# WHAT TO PRODUCE:
Reproduce the data exactly and drop any pictures it holds.

# MATERIAL PROVIDED:
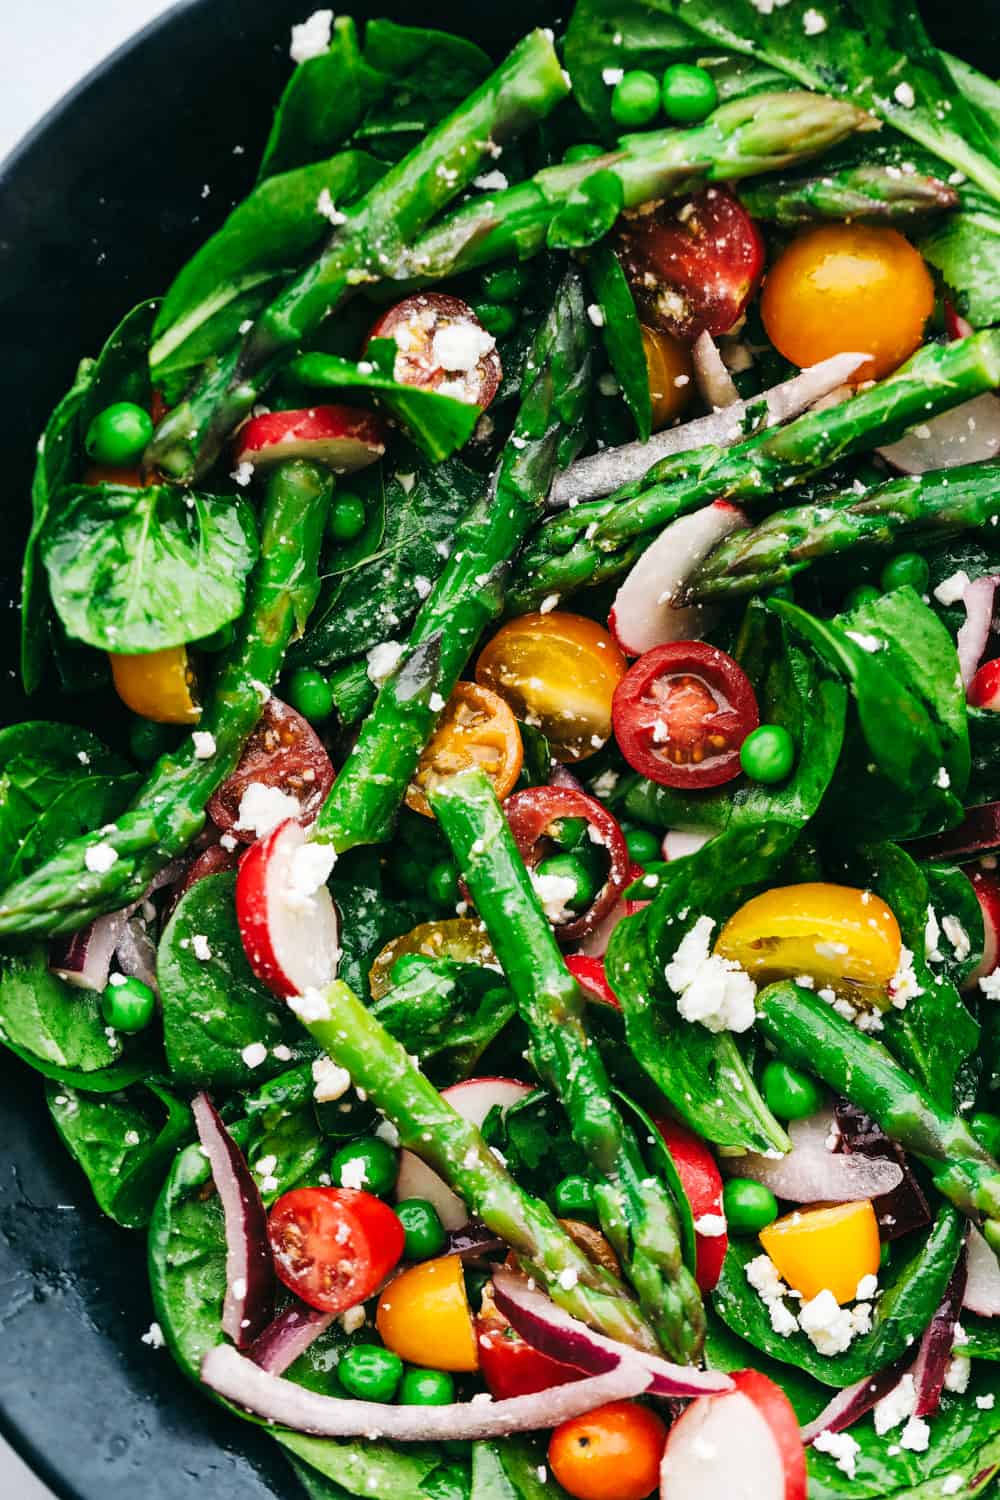 Asparagus Salad with Lemon Vinaigrette | The Recipe Critic
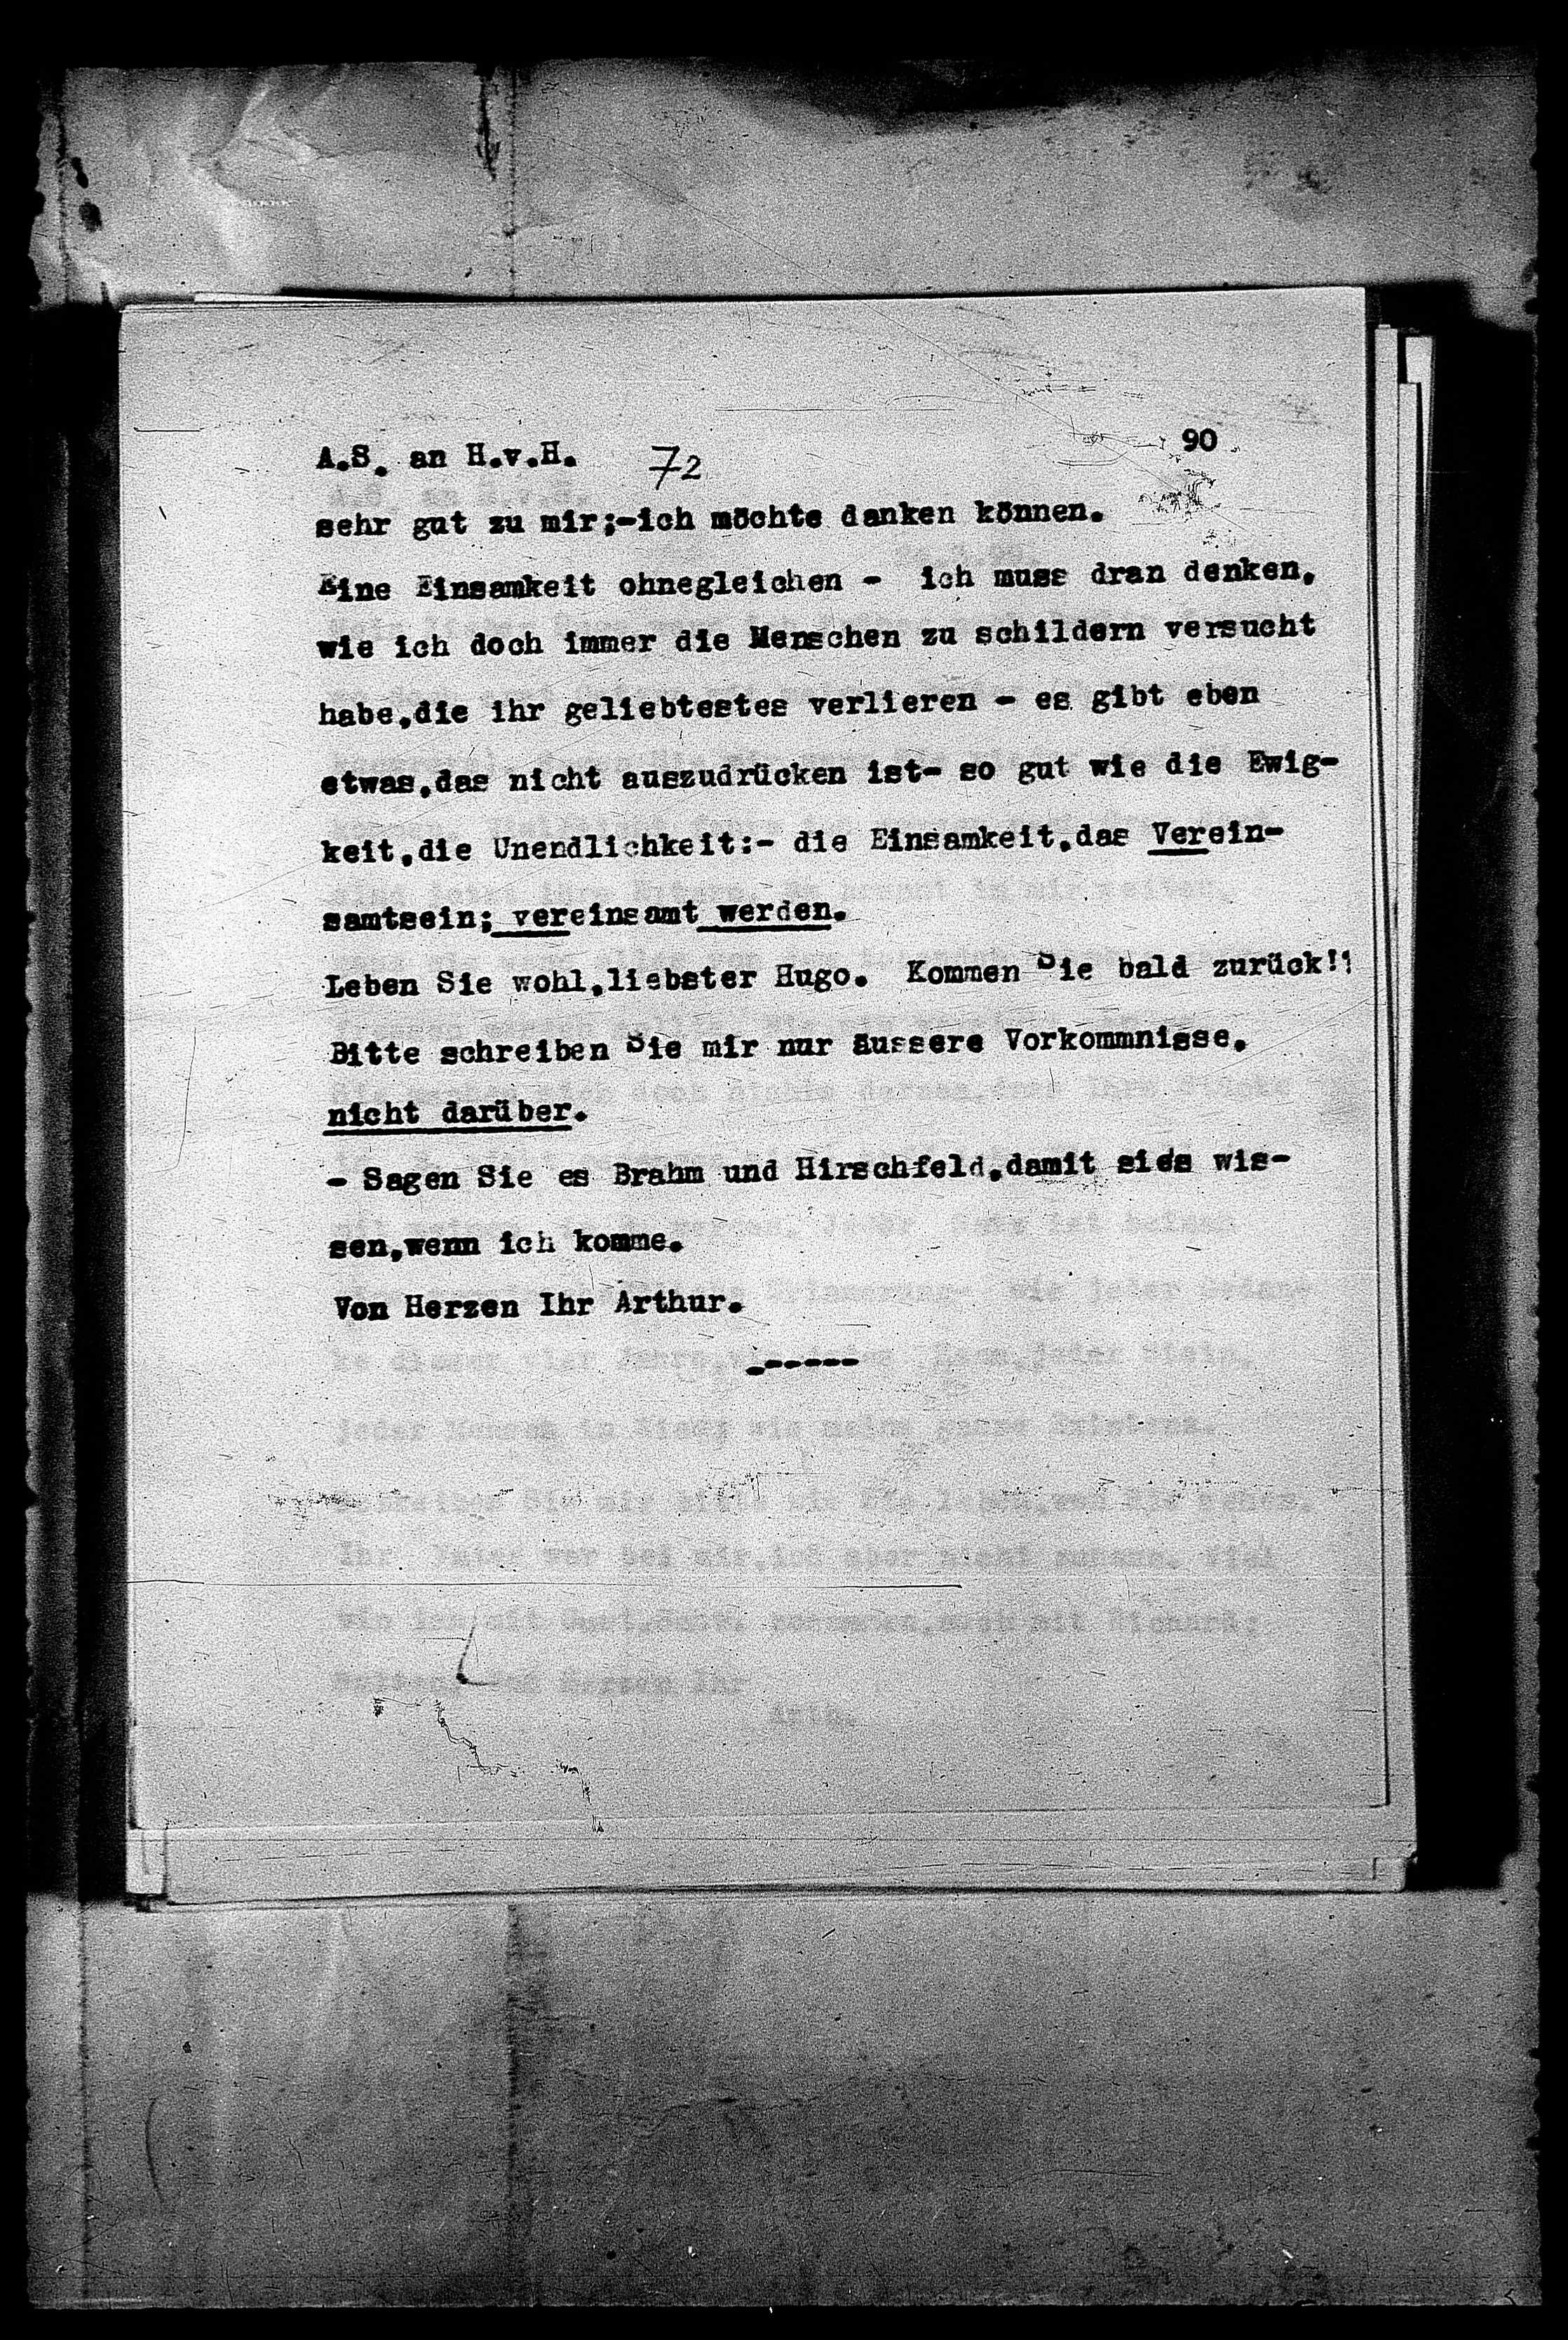 Vorschaubild für Hofmannsthal, Hugo von_AS an HvH Abschrift, HvH an AS, Originale (Mikrofilm 38), Seite 94
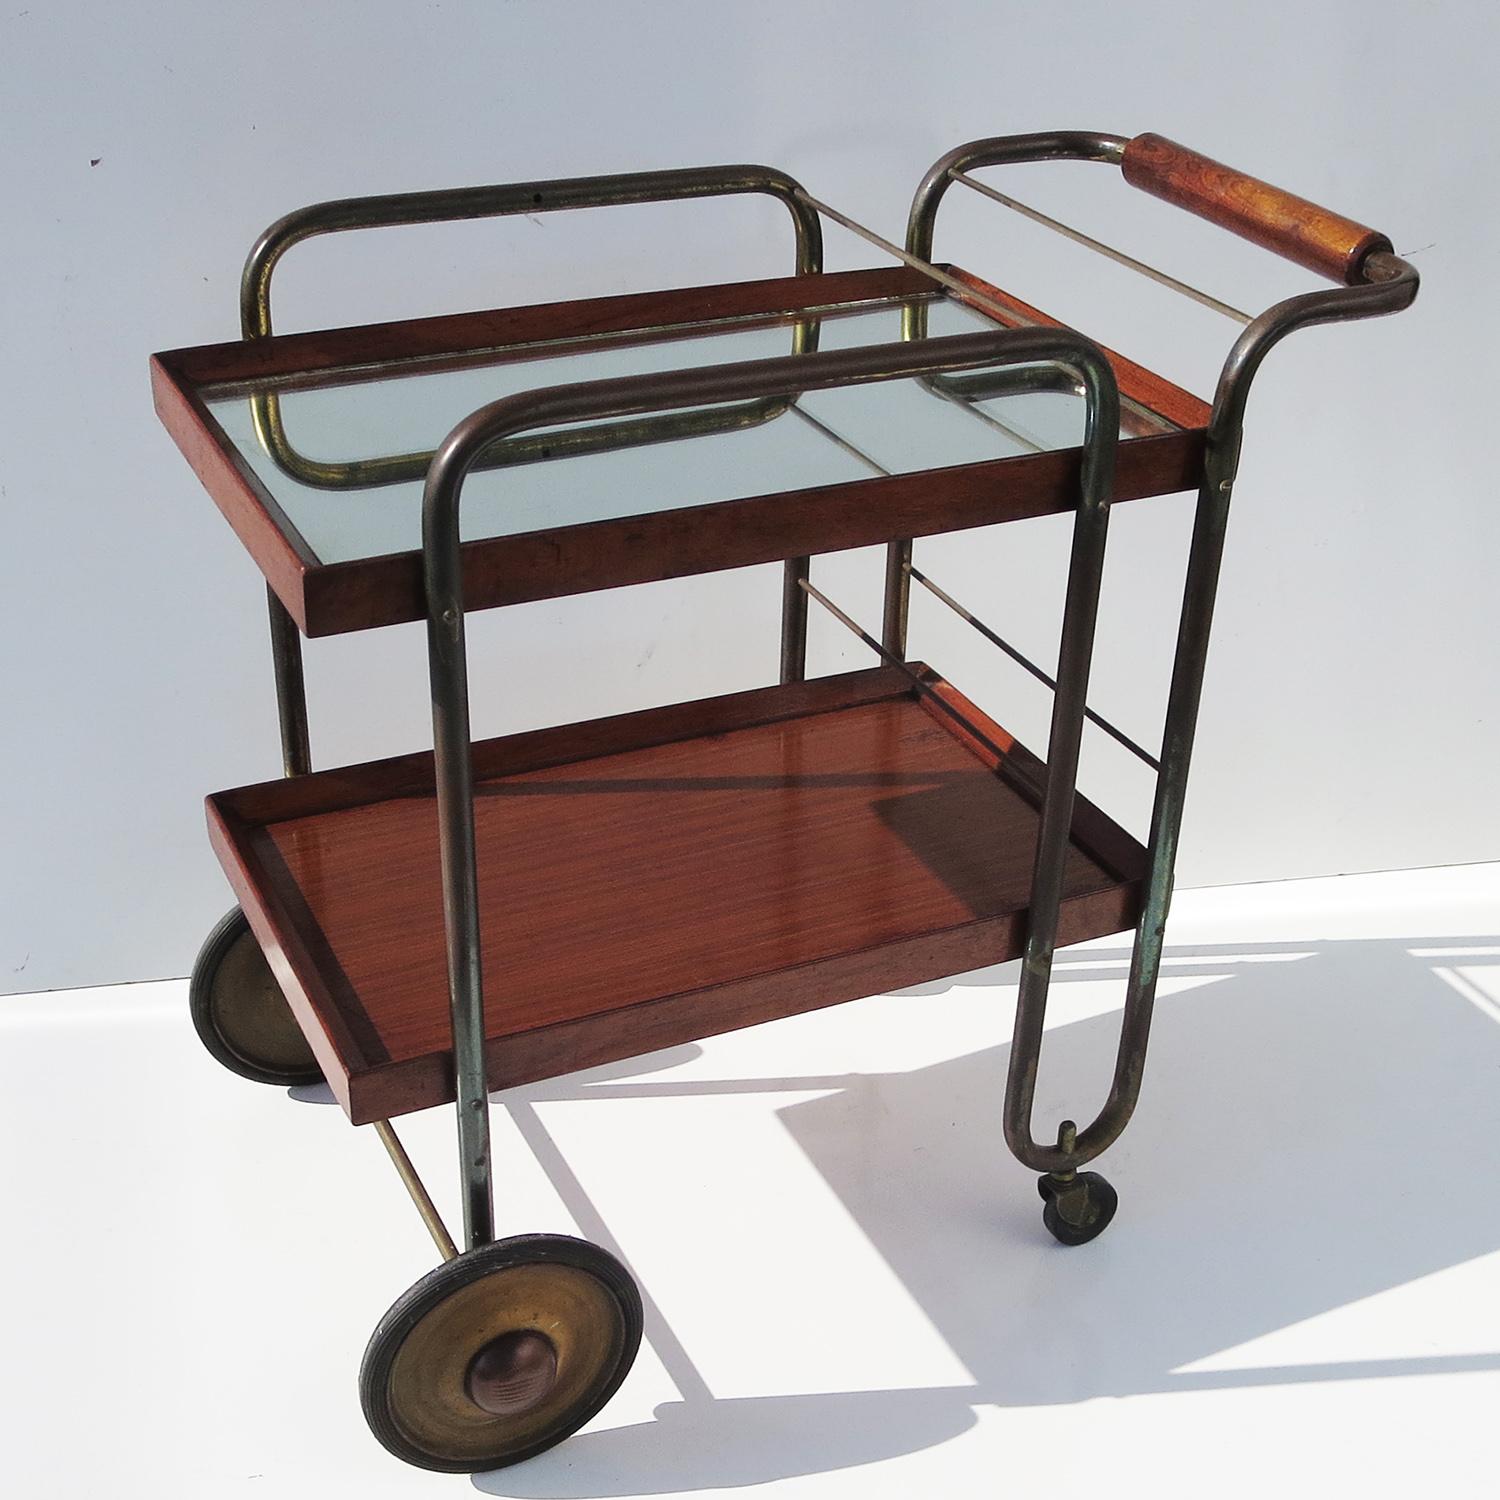 American Art Deco Cocktail Cart by Treitel-Gratz

# EXERCISE OUTPUT:
 Asparagus Salad with Lemon Vinaigrette | The Recipe Critic
 Vorschaubild für Hofmannsthal, Hugo von_AS an HvH Abschrift, HvH an AS, Originale (Mikrofilm 38), Seite 94
 American Art Deco Cocktail Cart by Treitel-Gratz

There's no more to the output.